Smaller EU countries bridled at first when Germany, France and Britain launched a diplomatic initiative to persuade Iran to abandon activity which could lead to the development of nuclear weapons. The incorporation of the EU's foreign policy chief, Mr Javier Solana, has given the engagement with Iran the character of an EU initiative, however, and all 25 member-states are now committed to it.

The move to lift the EU's arms embargo on China was led by France and met some resistance at first, notably from Britain. All member-states now agree that the ban will be lifted and they are negotiating a code of conduct on all EU weapons sales to ensure that sensitive military technology should not reach unsuitable hands.

Washington is moving towards a reluctant acceptance of the EU's new policy towards China and transatlantic differences over Iran concern tactics rather than goals. Both the EU and the US want to prevent Iran developing nuclear weapons, but Washington believes that European diplomacy must be backed up by the threat of sanctions and that military action against Iran, although unlikely, should not be ruled out.

For their part, Europeans fear that their diplomatic initiative will not succeed without a guarantee from Washington that it will not attack Iran or seek to overturn its government.

Iraq is no longer the most neuralgic issue in the transatlantic relationship and the EU will today announce an increase in aid to the country and promise to train more Iraqi police and other officials.

The Middle East peace process remains the most divisive foreign policy issue, with Europeans complaining that the US is not exerting enough pressure on Israel to agree a lasting peace with the Palestinians. The death of Yasser Arafat has given the US an opportunity to engage more actively in the Middle East and Europeans listening to Mr Bush in Brussels yesterday welcomed his clear endorsement of a Palestinian state "with contiguous territory on the West Bank" and his call for a freeze on Israeli settlement activity.

EU officials claim that Washington is more receptive to European concerns than at any time during Mr Bush's first term in office. They express satisfaction at the role of Mr John Bruton as EU ambassador to Washington, suggesting that he has already opened doors on Capitol Hill which have long been closed to emissaries from Brussels.

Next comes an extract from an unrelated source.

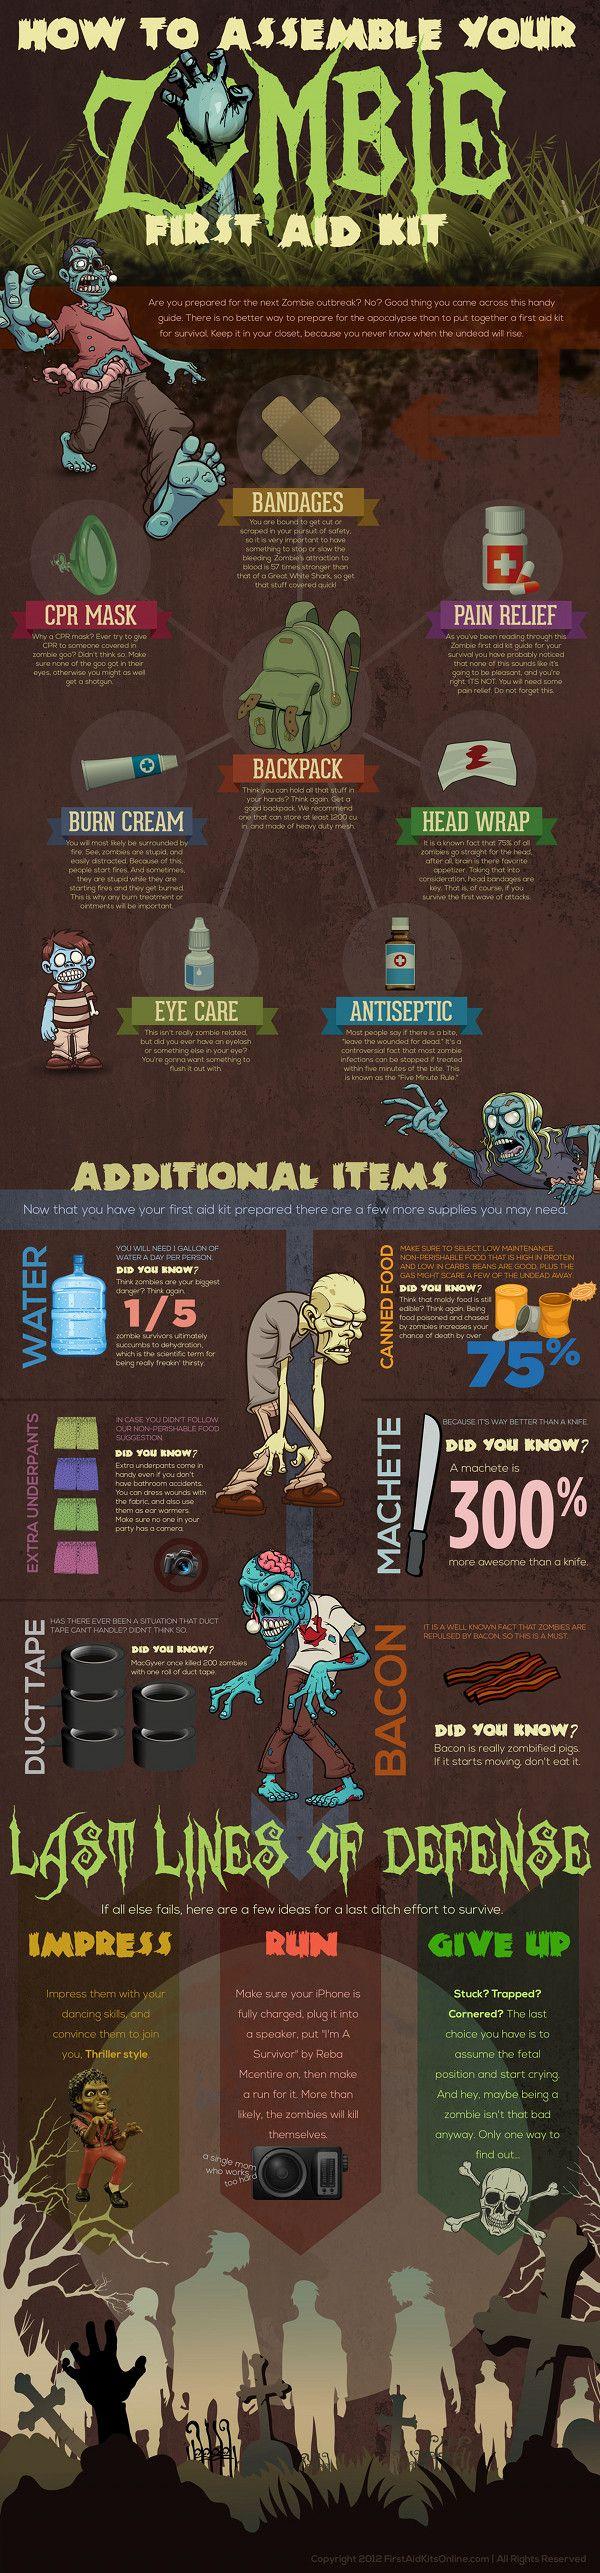 Kit de survie contre les zombies !                                                                                                                                                                                 Plus

Despite all this talk of reconciliation between the EU and the US, the transatlantic mood remains uneasy, and the most intractable dispute may be the most fundamental one - Europe's ambition in the world.

Mr Schröder alarmed many Americans earlier this month with his blunt call for a review of the transatlantic relationship and his declaration that NATO was no longer the primary venue for dialogue between Europe and the US. The subtext of Mr Schröder's remarks is that the US must get used to dealing with the EU as a coherent, equal partner capable of exercising independent power in the world.

Mr Bush surprised his audience in Brussels yesterday by quoting remarks by Albert Camus on "freedom being a long-distance race". The French existentialist offered another piece of advice - on friendship - which could be of use to the president as he continues his European tour: "Don't walk behind me, I may not lead. Don't walk in front of me, I may not follow. Just walk beside me and be my friend."